I had also published but have mostly unpublished at this point a large number of short stories and a book on grief.

Maybe not surprisingly given my background, my most profitable titles have been on the non-fiction side. Six of my top ten most profitable titles are non-fiction. But there are two fantasy novels and a romance novel and those damned billionaires rounding out the top ten.

I didn’t do any of this right. I spent far too much time writing short stories when I should’ve just gone for novels. I had way too many pen names to be sustainable. I didn’t try advertising to any real extent until I was four years into this journey and when advertising would have been far more effective if I’d tried it in year two or three. I didn’t focus in one genre let alone one niche in one genre. I didn’t follow-up on my successes the way I should’ve. I changed direction too often.

But after all that mess I’ve found some small success the last couple of years. I just hit 45,000 units sold as of November and $50,000 in profit. (Which if you do the math is not a full-time living even when concentrated in the last couple of years, but we won’t go there. I should clarify that that’s not enough for me. Some people would be happy to earn $25K a year. I’m not one of them.)

But it taught me a few interesting lessons along the way.

One, you don’t have to write in the biggest market to make money. My romance sells, but it costs a lot more to sell than other titles because of the level of competition which means either rapid release or low profit margins.

Two, writing to a hot market or hot genre will get you more organic sales. I don’t advertise those billionaire stories, but the collection still hit my top twenty-five most-profitable titles this year, and when the first one released (in 2014) it really did sell itself.

Three, I believe in advertising. Others may not have to (although why you’d see initial success without advertising and not find a way to exponentially increase that success by advertising is beyond me), but for me advertising is essential. It gets my books in front of their potential audience.

Four, I personally can’t write what doesn’t interest me. I wrote that first billionaire story as a lark. Wrote and published it in a day. But it was like pulling teeth to get myself to write the next one. And when I did write the rest of that series, I didn’t follow the tropes. My girl from the wrong side of the tracks went and started her own business so that when she finally got together with her billionaire they were on an equal-ish footing.

(I’ve recently come to believe this might have something to do with archetypes. I think the billionaire romance scenario often, but not always, is exploring the orphan archetype and I think I’m more in line with the warrior archetype or the seeker or sage archetypes. So adventure fantasy? Yes, please.)

Five, while being laser-focused helps–I’ve certainly seen more authors find success by writing in a series or in a specific niche–it’s also worth trying something else. I wrote the first Excel books because I was annoyed that authors didn’t know how to use pivot tables and I was tired of hearing people say they couldn’t figure out how many books they’d sold on Amazon. I expected the generic books about Excel to sell less than the one for self-publishers. But that series has been ten times as profitable for me as any other series even though it turns out not many authors bought the book that was written for them.

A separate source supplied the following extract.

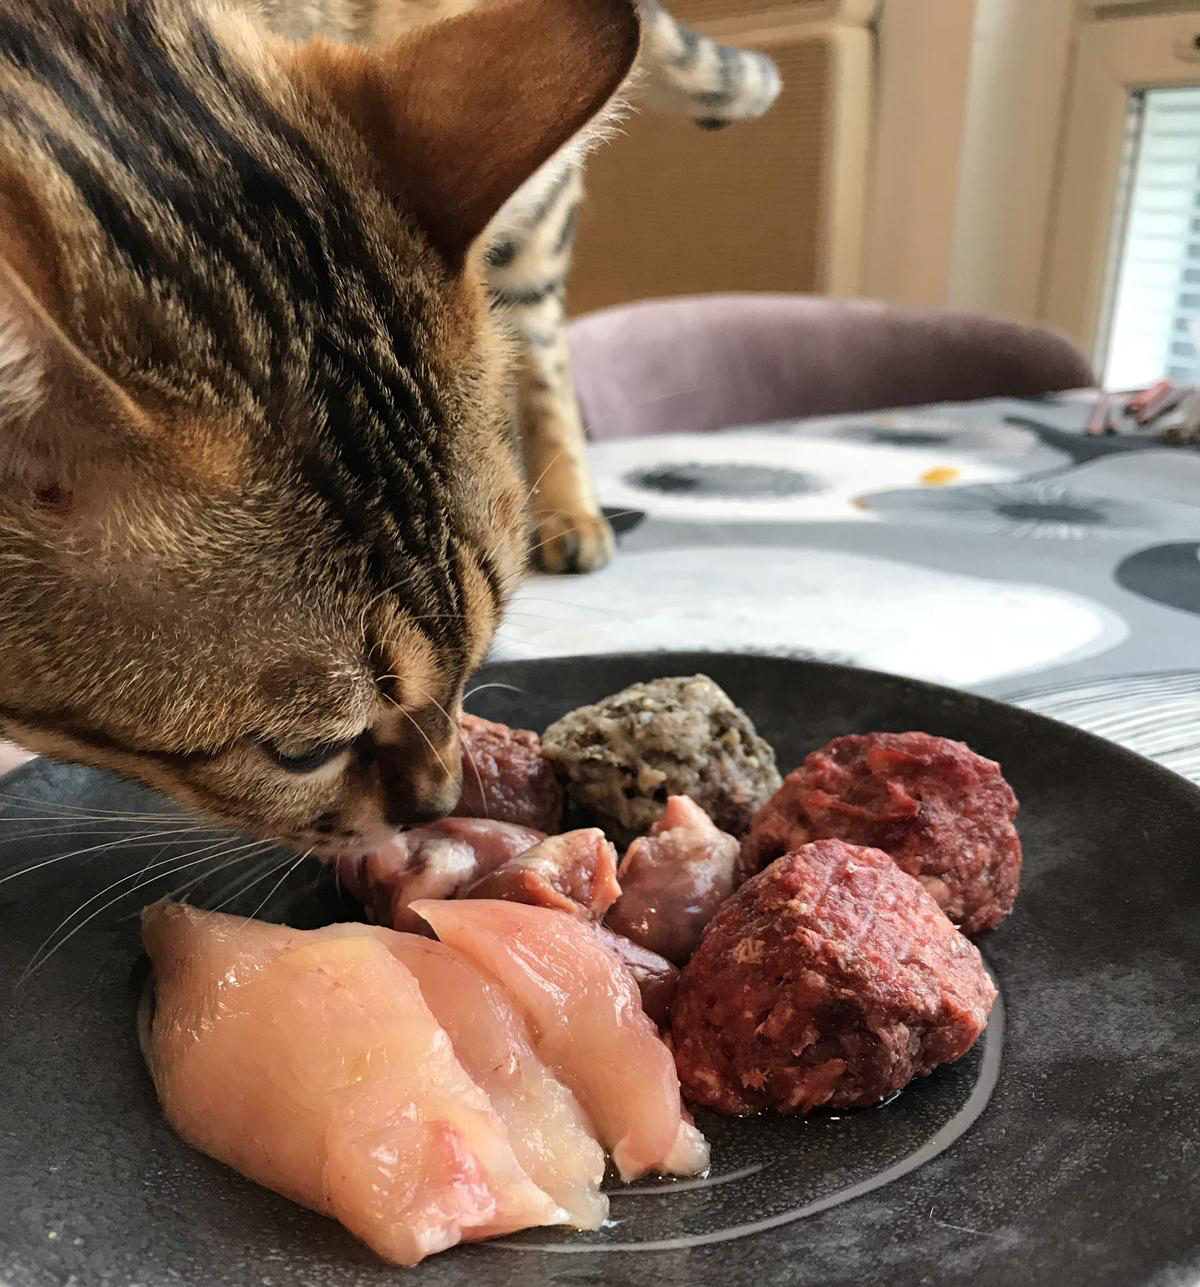 rått kött till katt

I’ve also seen a number of authors level up by switching to a new genre. I can count at least three that I know of that did it this year.

Six, when you write in a smaller niche competition can destroy your profits. I was so happy to see the success I had with the Excel titles that I blogged about it. Within a year at least three other “authors” had entered that same small space. They didn’t find the success I had initially. They just took some of a very small pie for themselves and drove up advertising costs so that every single sale was less profitable than before.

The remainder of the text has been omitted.